At one point they were partners in a business. Their political fortunes have been closely linked over the years. The post Soviet history of the former republics of the USSR has been marked by bare knuckle struggles for control of economic and political resources. Tymoshenko and Yanukovych are examples of the oligarchs who have amassed fortunes through political corruption. Ukraine has been in a state of constant political upheaval since the Orange revolution of 2004. In that struggle Tymoshenko was allied with Viktor Yushchenko in an eventually successful effort to overturn an election that had installed Yanukovych as president. Yushchenko became president and Tymoshenko prime minister. Once in power that alliance quickly fell apart. Since then her career has been a continual series of battles and switching of sides. At times she has been a Putin ally. The oil deal she signed with Russia in 2009 was the source of the charges that landed her in prison.
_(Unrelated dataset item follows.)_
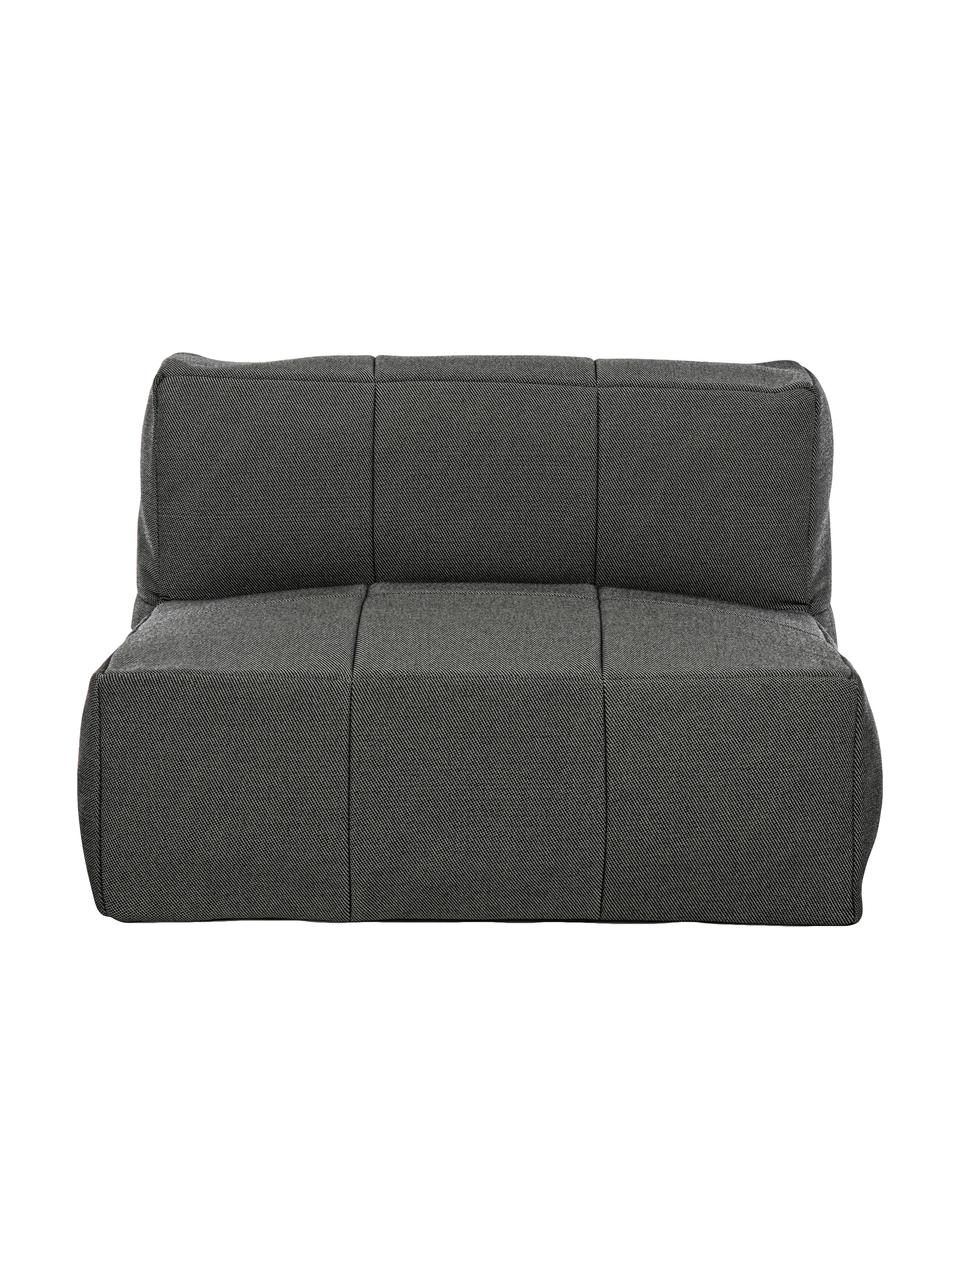 Ogrodowy fotel wypoczynkowy Sparrow, Stelaż: aluminium, Tapicerka: olefin (100% polipropylen, Antracytowy, S 90 x G 87 cm

At other times she has been an advocate of closer ties with the west and the EU.
Turchynov has been her consistent ally through these battles. The linked Wiki article on him contains this interesting piece of information and quotation.
In August 2007, Turchynov replied to the accusation that his stance on same-sex marriage is typically conservative, "I do not agree. If a man has normal views, then you label him a conservative, but those who use drugs or promote sodomy – you label them a progressive person. All of these are perversions.”[20]
Wikileaks documents mention Turchynov, then head of Ukraine's SBU, as having destroyed secret documents evidencing Yuliya Tymoshenko's connections to organized crime boss Semion Mogilevich.
While there appears to be widespread approval of Tymoshenko's release from prison, many people are raising questions about her fitness to provide the kind of unifying leadership that the country so desperately needs. With Tuchynov having acquired a key position of power in the transition leading up to new elections, it seems likely that he and his long standing ally will be working closely together.